**DATASET EXCERPT**
^^^^^^^^

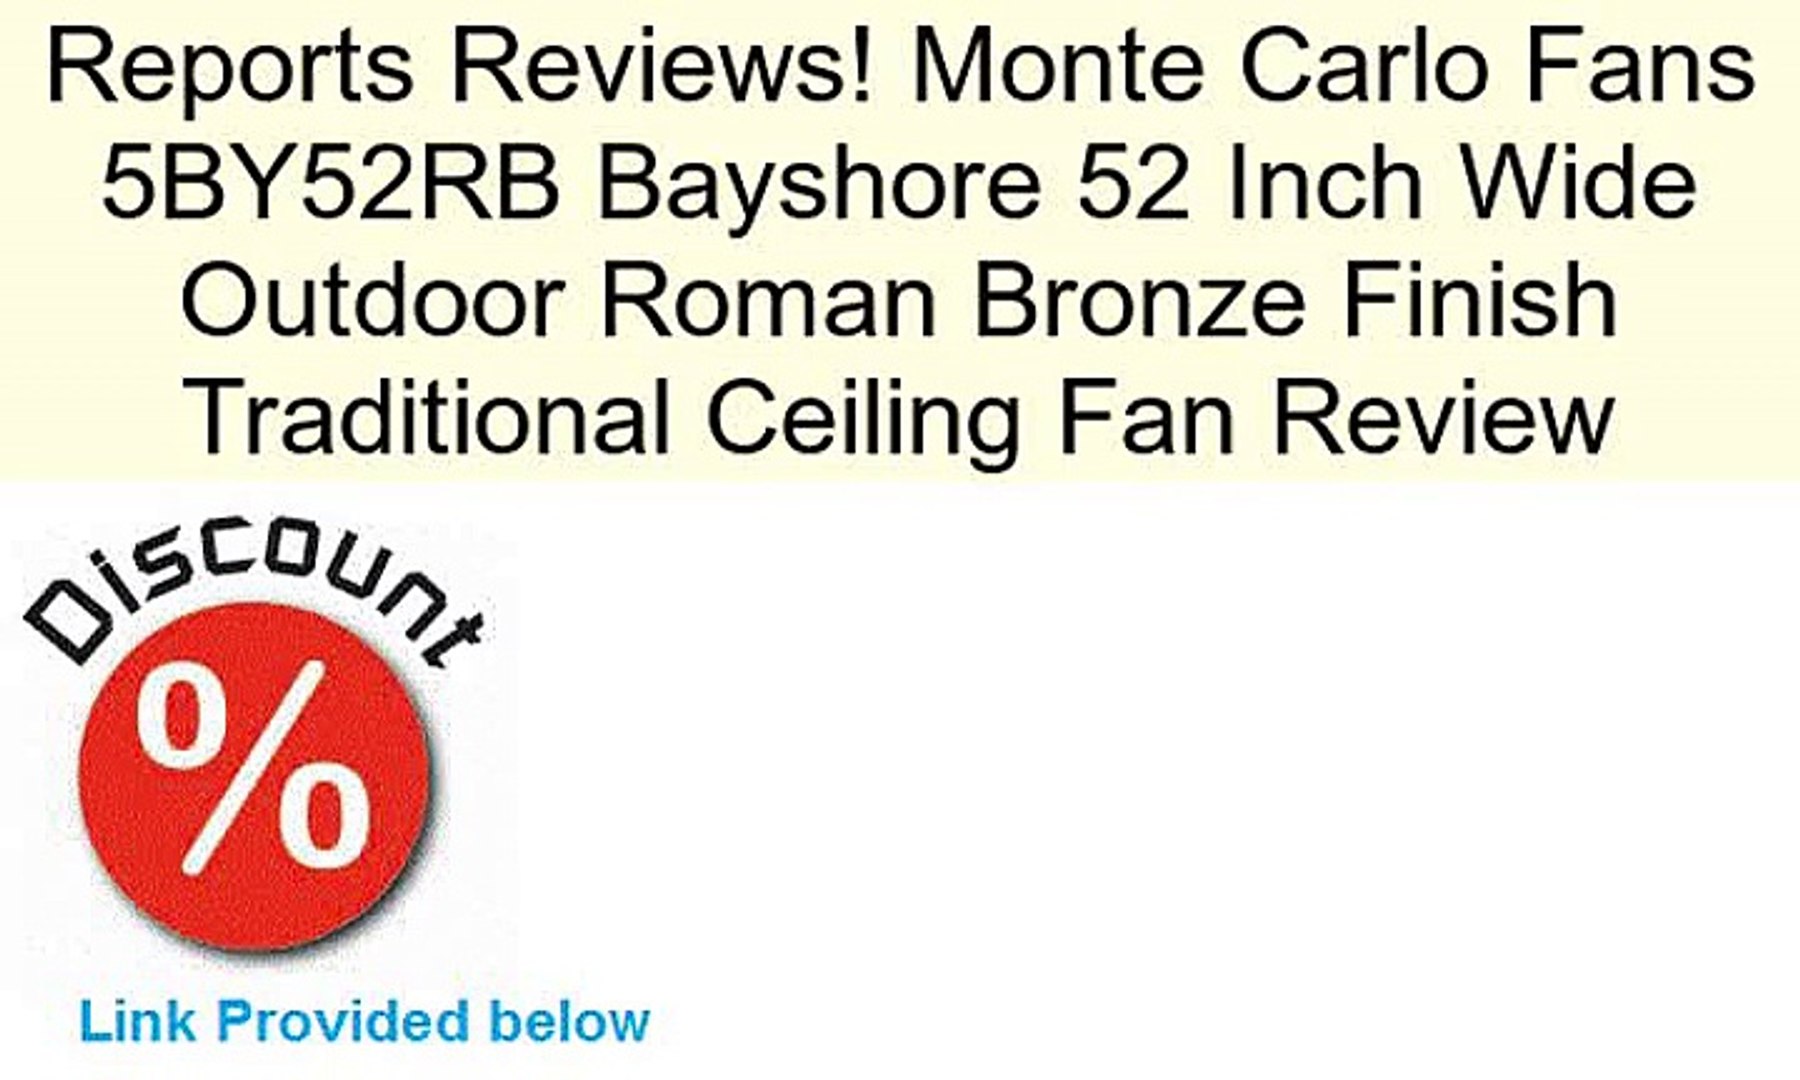 Monte Carlo Fans 5by52rb Bayshore 52 Inch Wide Outdoor Roman
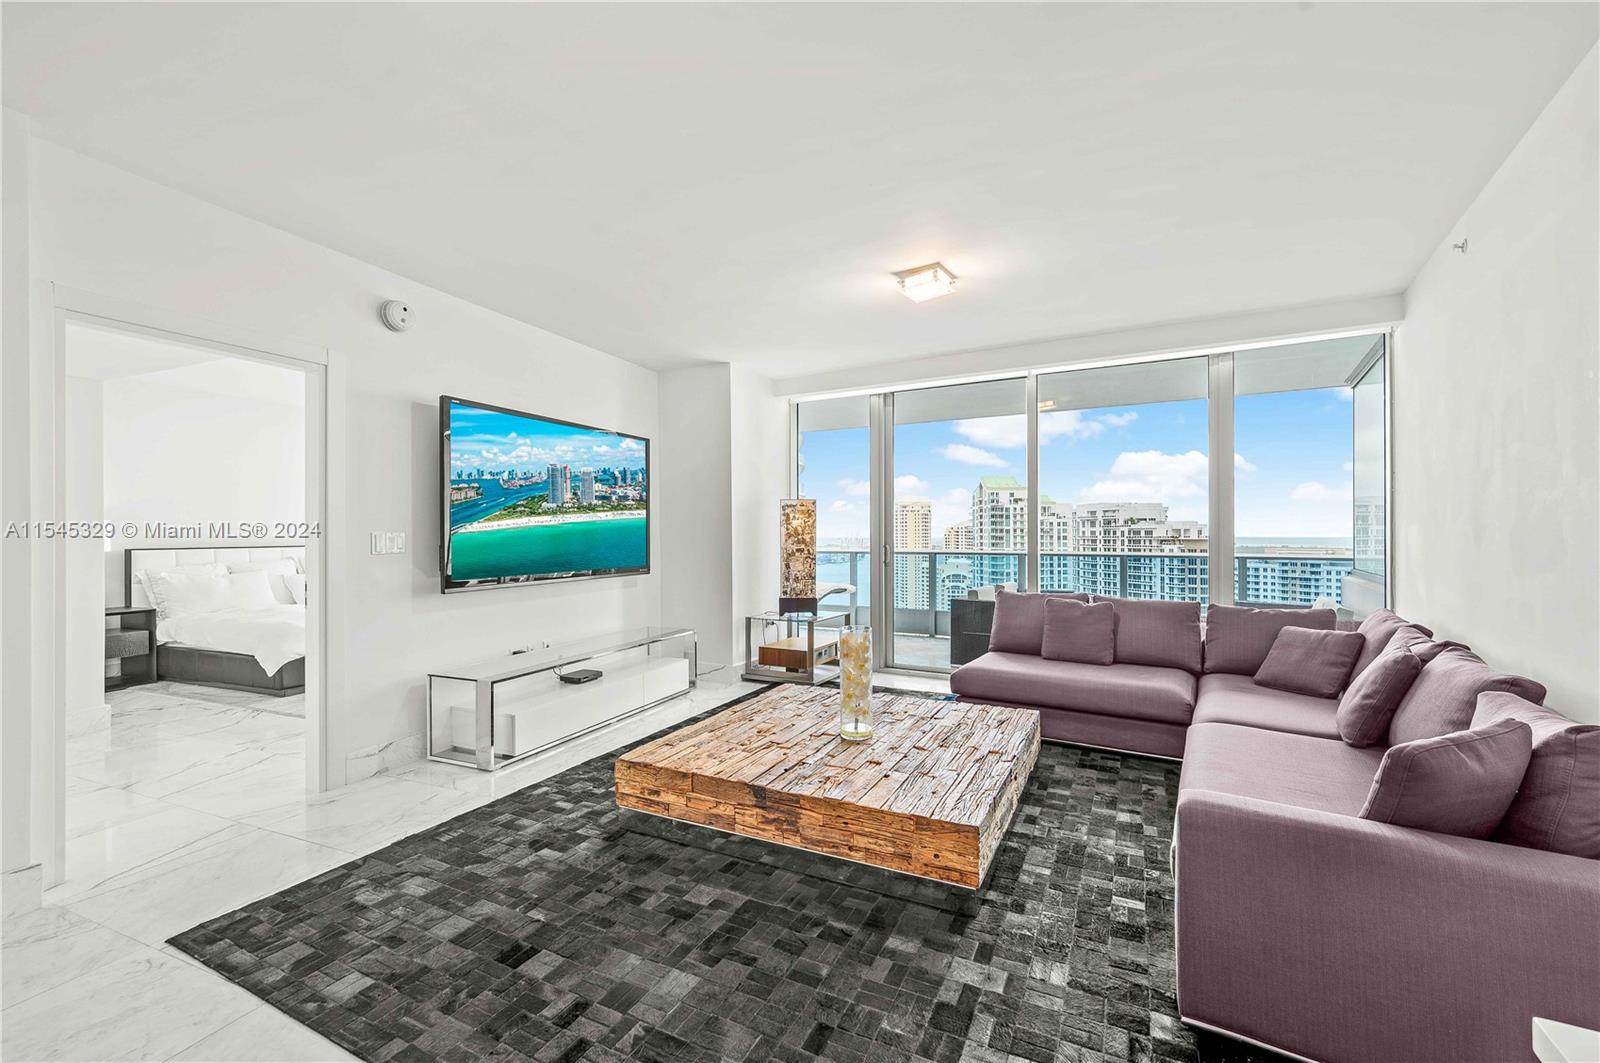 Property for Sale at 200 Biscayne Boulevard Way 3805, Miami, Broward County, Florida - Bedrooms: 1 
Bathrooms: 2  - $680,000

^^^^^^^^

**ASSIGNMENT**
All of the listing above must be output exactly, except for its pictures.

**EXERCISE ANSWER**
 Monte Carlo Fans 5by52rb Bayshore 52 Inch Wide Outdoor Roman
 Property for Sale at 200 Biscayne Boulevard Way 3805, Miami, Broward County, Florida - Bedrooms: 1 
Bathrooms: 2  - $680,000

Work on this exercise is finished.